Here we encounter the strongest point of music sociology in this interview. The intention of the music is in the centre of everything, always in the service of community. This process is lost in time and appears frequently through the years. Lamenting is one of the strongest examples of music becoming the medium of expressing feeling and feeling complete, even in the most desperate of times, personal or collective.

Passage 8:
  
S2: Here we sung two minors and one major. These go on and on, stis pikrodafnis, vasilikos tha ginw, de mporo manoulam and so on. Now we play with the tempo. If we are quite normal with time, we go to this tempo. Closer to the dawn we will go to a much slower tempo, for example.
S2: These are only for the dawn of day.
No in the same rhythm 4/4 if you are in the case of dancing, I have my tempo here in 150bpm they become almost rumbas.
We are here in this category, in weddings, in celebrations and so on, If they dance you sing faster songs and if not.
S1: These are the programs of today right? It needs to last for hours and hours.
But when you also sing, I have a great sorrow in the heart, you cannot sing it fast. This cannot happen. This one you sing it slow; it is not celebratory!
S2: What S1 says, exists with different lyrics se touto to xwrio.
That can be faster but still not too fast.


In this passage, S2 explains a few of the rules about how to set up an expressive performance. The aspects of feeling in terms of joy and sadness exchange places with the use of different scales and tempo defines the spirit as the hours of the day and the performance progress along with the expression. Every occasion has its own signature aesthetic, tempo, and mood. Not because the players decide but because the occasion dictates it.

Passage 9:

S1: One of the pillars of Byzantine chant, Chrysanthos in the 1800, separated the musician in three categories, the empirical one, the one from art and the scholar. He claimed that the scholar should be able to move and direct human feelings through music. You want to make them sad; you make them sad, you want to make them happy, you make them happy, you want to make them forget, you make them forget. And every sound in the 8 sounds has a little explanation that characterises it. One is like emvatirio, one is hydonic, one is like this one is like that.

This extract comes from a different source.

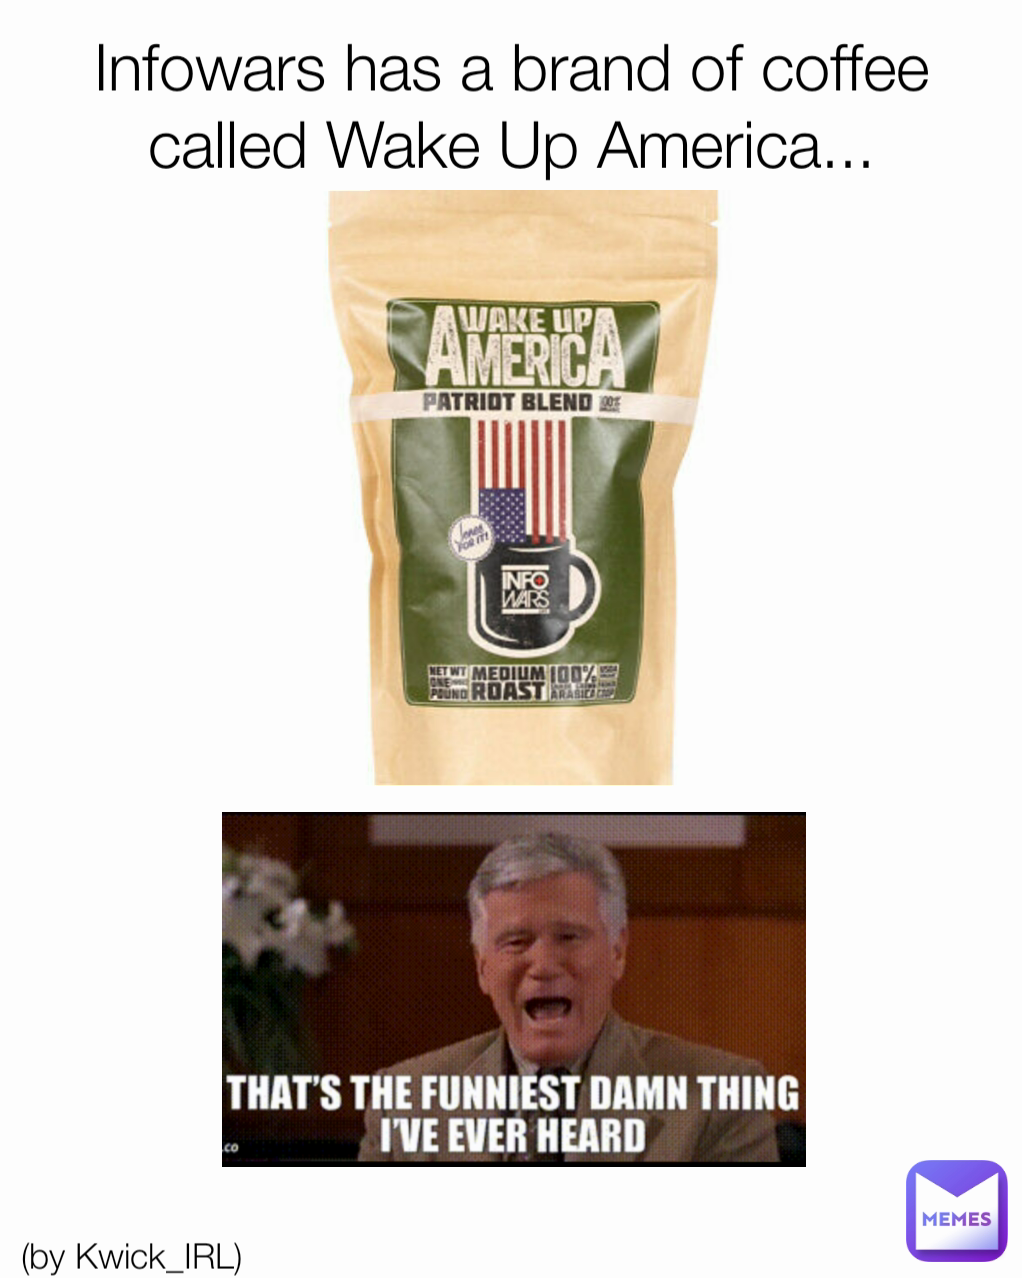 Infowars has a brand of coffee called Wake Up America... (by Kwick_IRL)

Yet another beautiful example of sociology and the purpose of music out of the words of a Byzantine scholar.
The ability of the musicians to help in guiding the listener in the direction they please.
This is a serious and conscious choice of the musicians to lead the community through circumstances and all the way to catharsis.  


Passage 10:

CL:
1) pikrodafni,
2) kontoula lemonia
3) Nteli papas. Priest is compared to nature. How do you describe the beauty of a person?
how do you describe a feeling.
Because this is what they were in contact with, and they know.

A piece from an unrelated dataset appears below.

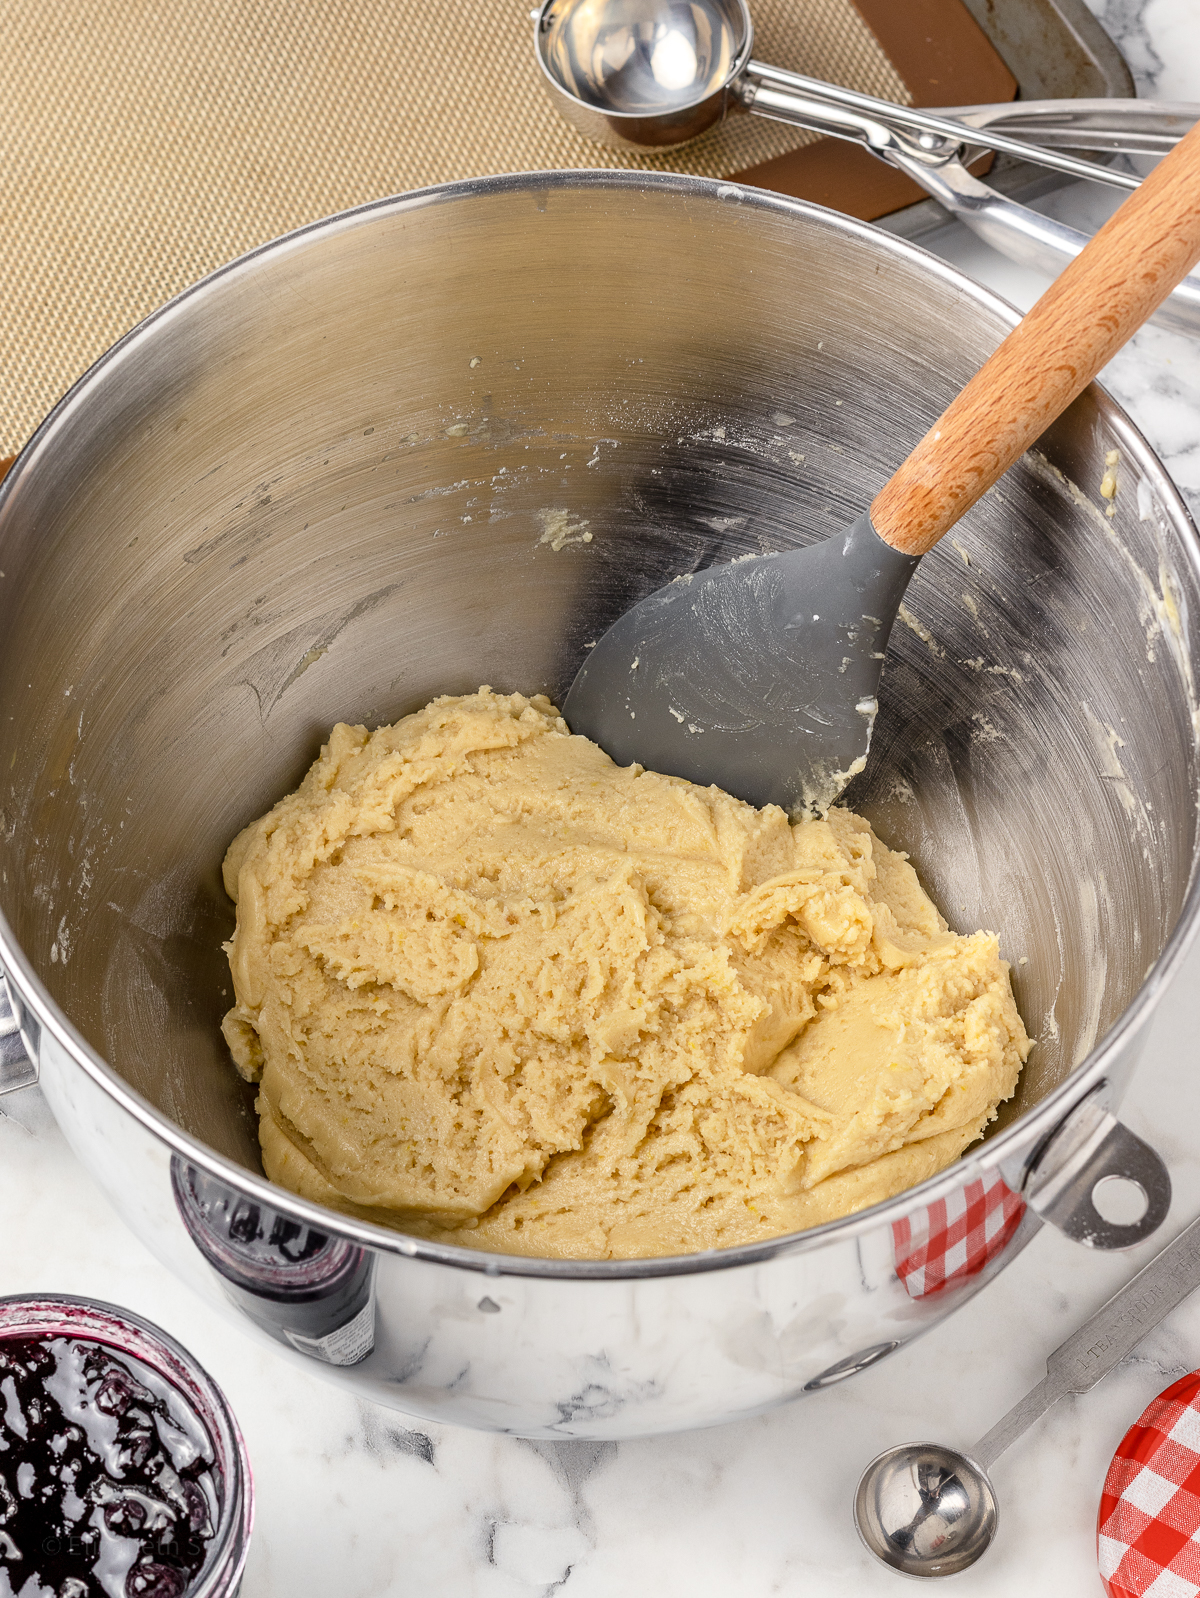 Lemon cookie dough mixed together in a mixing bowl, ready to chill in the refrigerator.

Here we have the explanation of CL regarding the thematic of lyrics that borrow scenes from the local natural environment to describe people and circumstances. In the music of Epirus, the music and the lyrics have a very tight connection with nature and most of the characteristics of emotions feeling and beauty derive from metaphors from nature. This comes down to traditional knowledge and everyday life scenes.
Passage 11:

What type we have not touched?
instrumental.
They are skaros, laments, played and sung, kagelia,
The instrumentals are more decorated. Klamata from Preveza.
Klamata is not very typical from here.
It is happier.
They see the sea these people.
‘’in the islands people they are more open’’
Filoksnia (hospitality) is sacred.
As you can see.

Finally, we touched on the instrumental parts of the music of Epirus. Even in the absence of lyrics, the music expresses function. There are different styles for Sephardic songs, different for life in the mountains, different for life close to the sea, all tied up with the concepts of community, inclusion, and hospitality. In the music of Epirus, nothing stands by chance. There is a purpose that becomes a tool in the hands of the community.